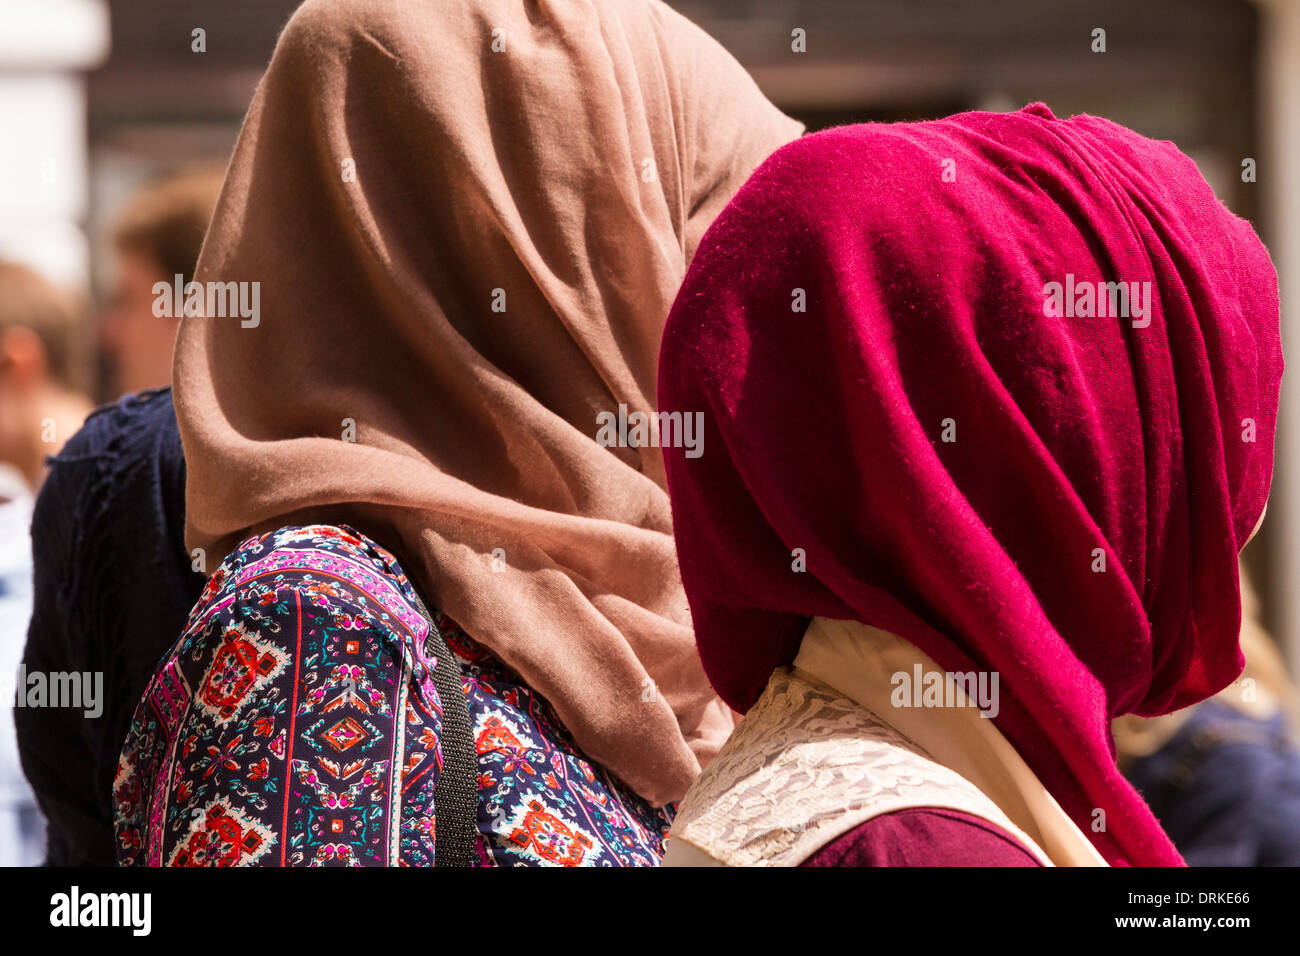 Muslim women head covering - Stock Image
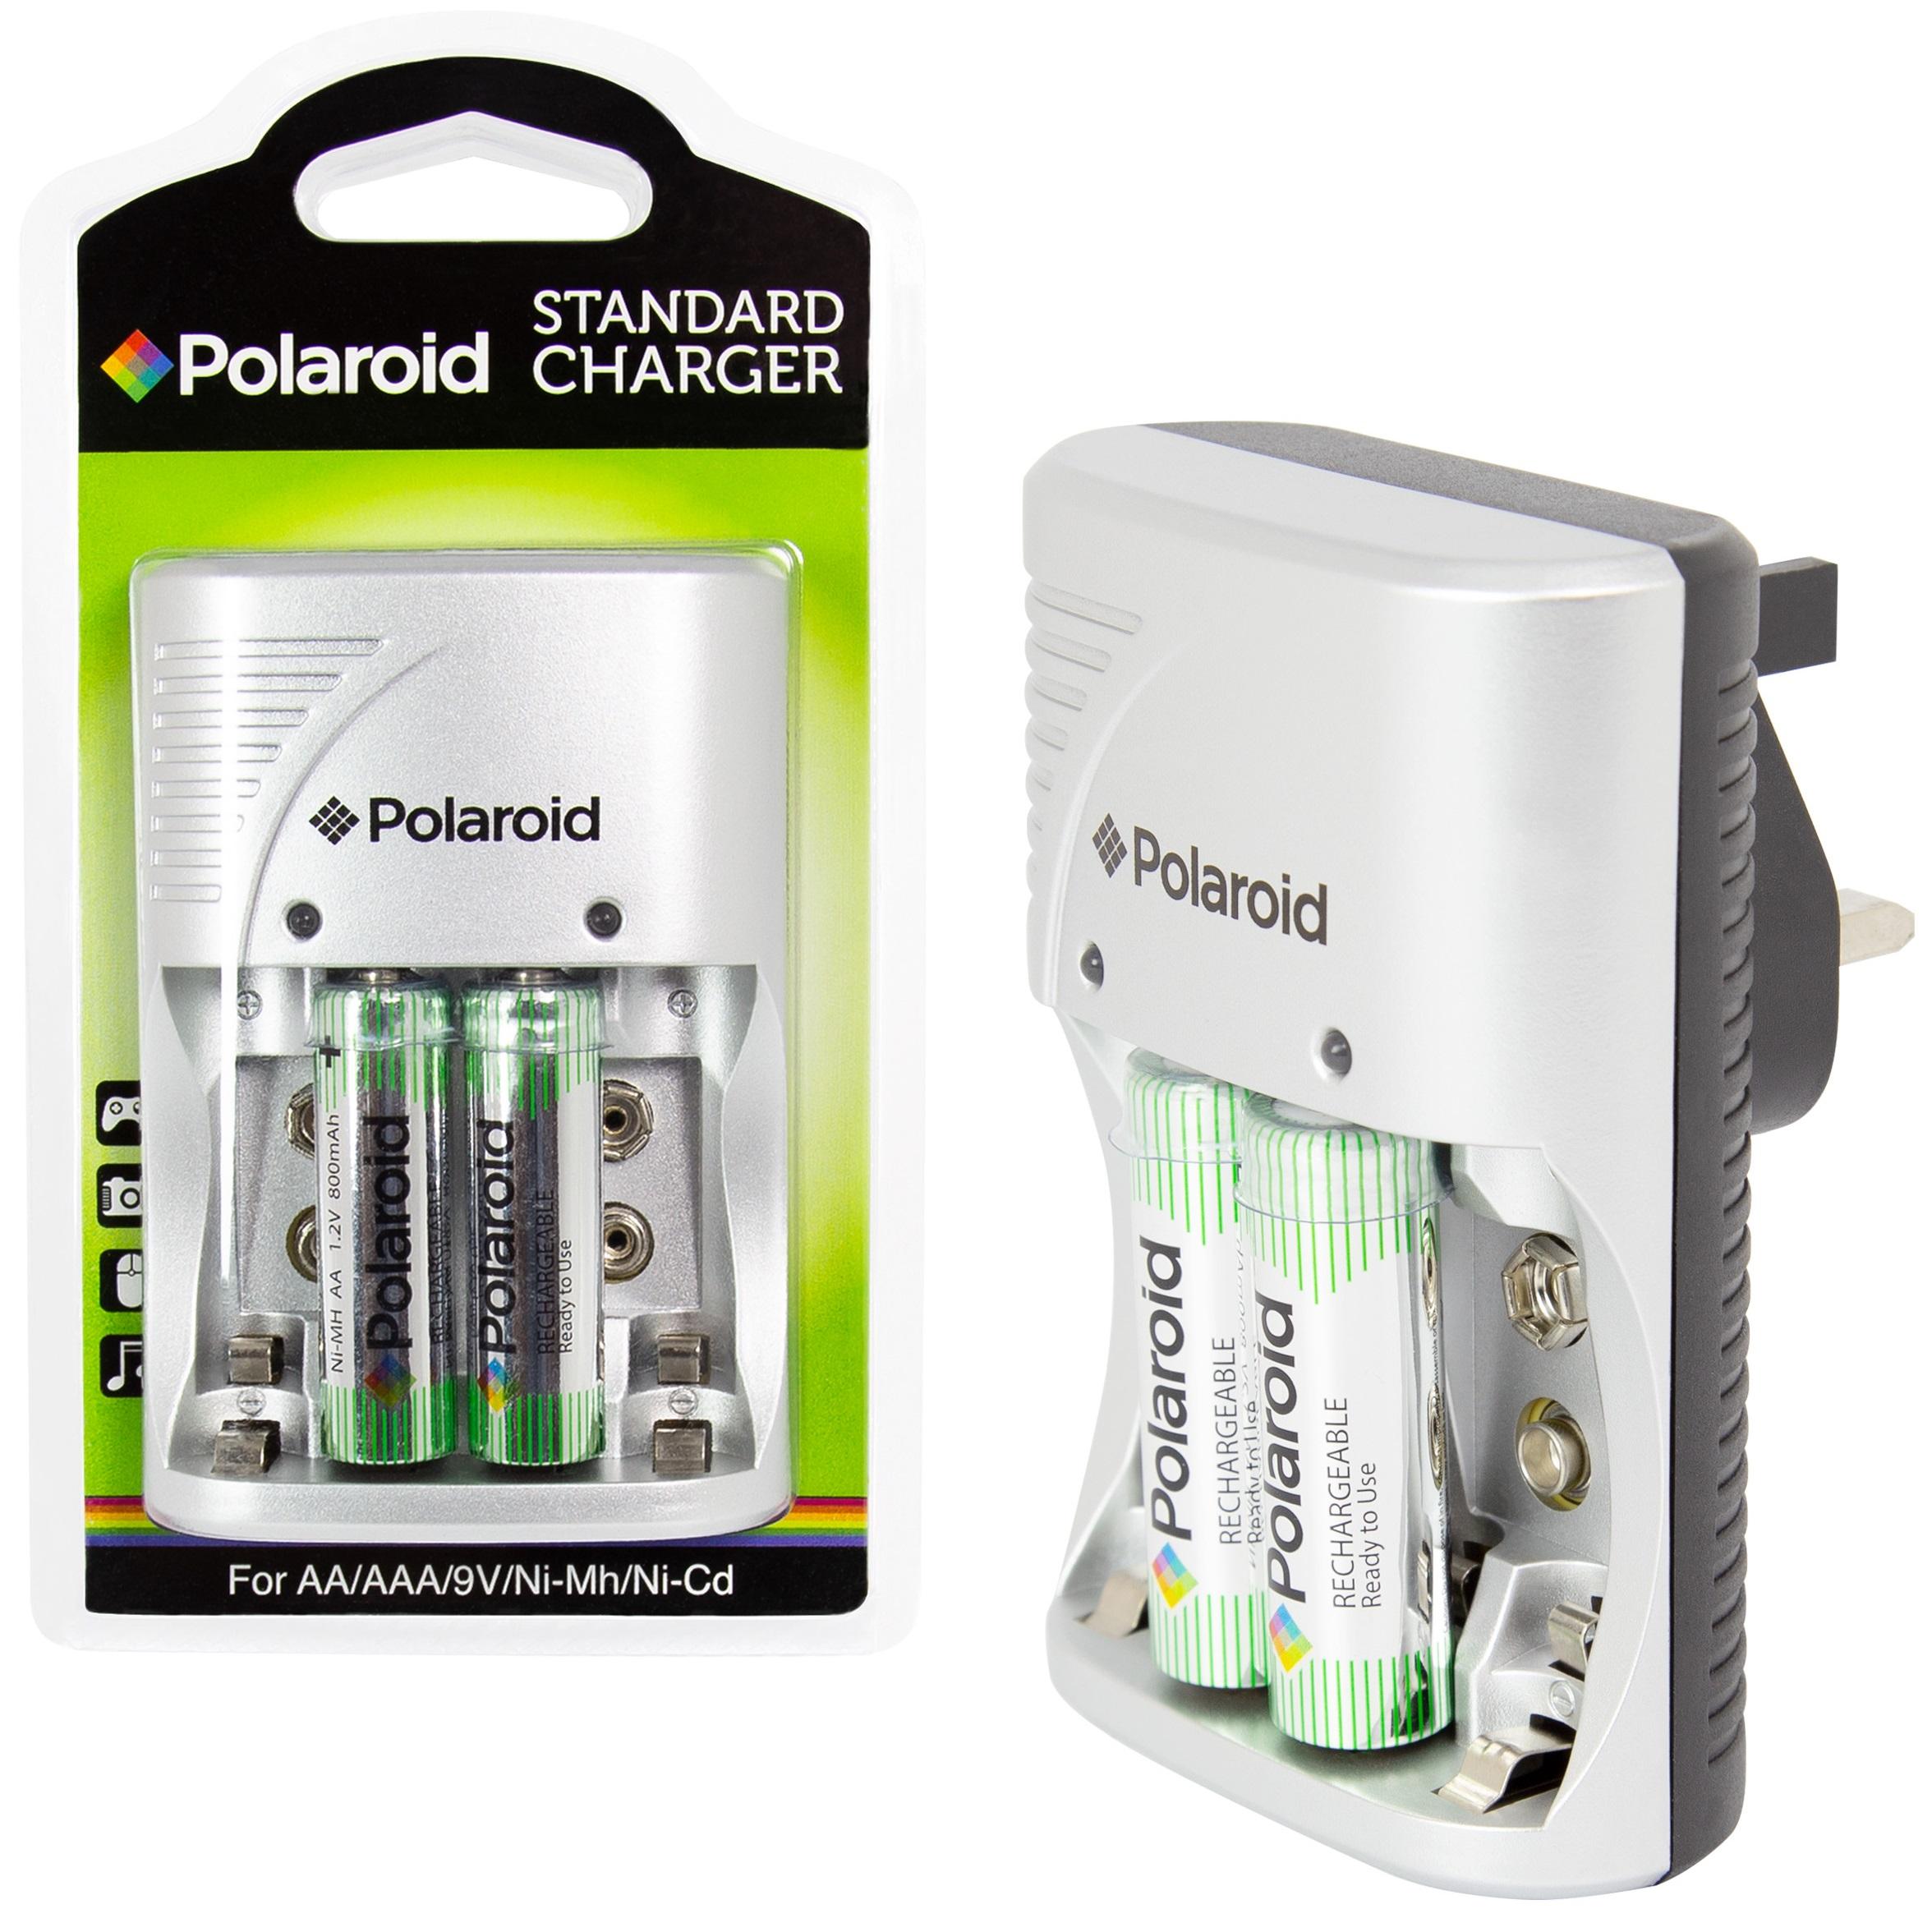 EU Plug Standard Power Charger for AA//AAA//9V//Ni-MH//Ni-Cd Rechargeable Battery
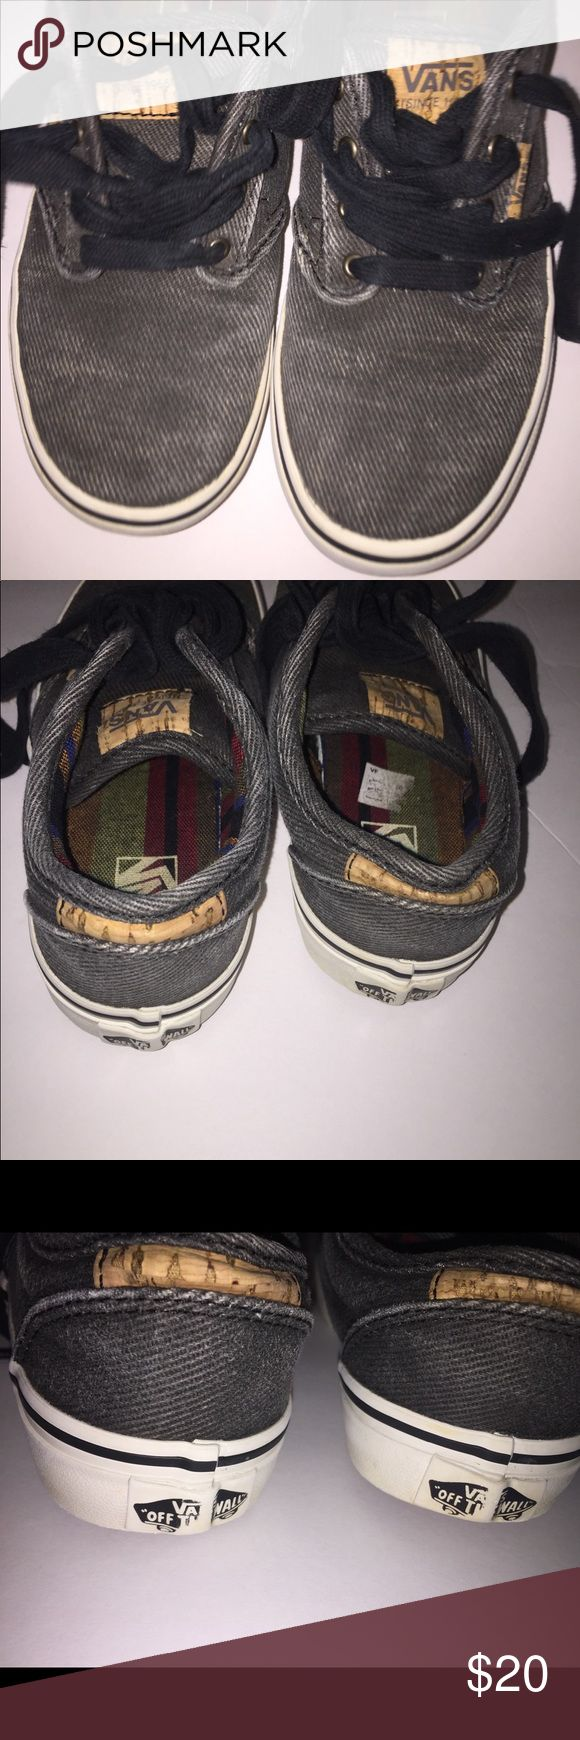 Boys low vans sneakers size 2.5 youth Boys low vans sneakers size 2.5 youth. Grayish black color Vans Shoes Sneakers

◆ Action item ◆
Give again, exactly, each line from the one that contains "EU Plug Standard" through the last line of the material above. Pictures do not belong in the copy.

◆ Expected answer ◆
 EU Plug Standard Power Charger for AA//AAA//9V//Ni-MH//Ni-Cd Rechargeable Battery
 Boys low vans sneakers size 2.5 youth Boys low vans sneakers size 2.5 youth. Grayish black color Vans Shoes Sneakers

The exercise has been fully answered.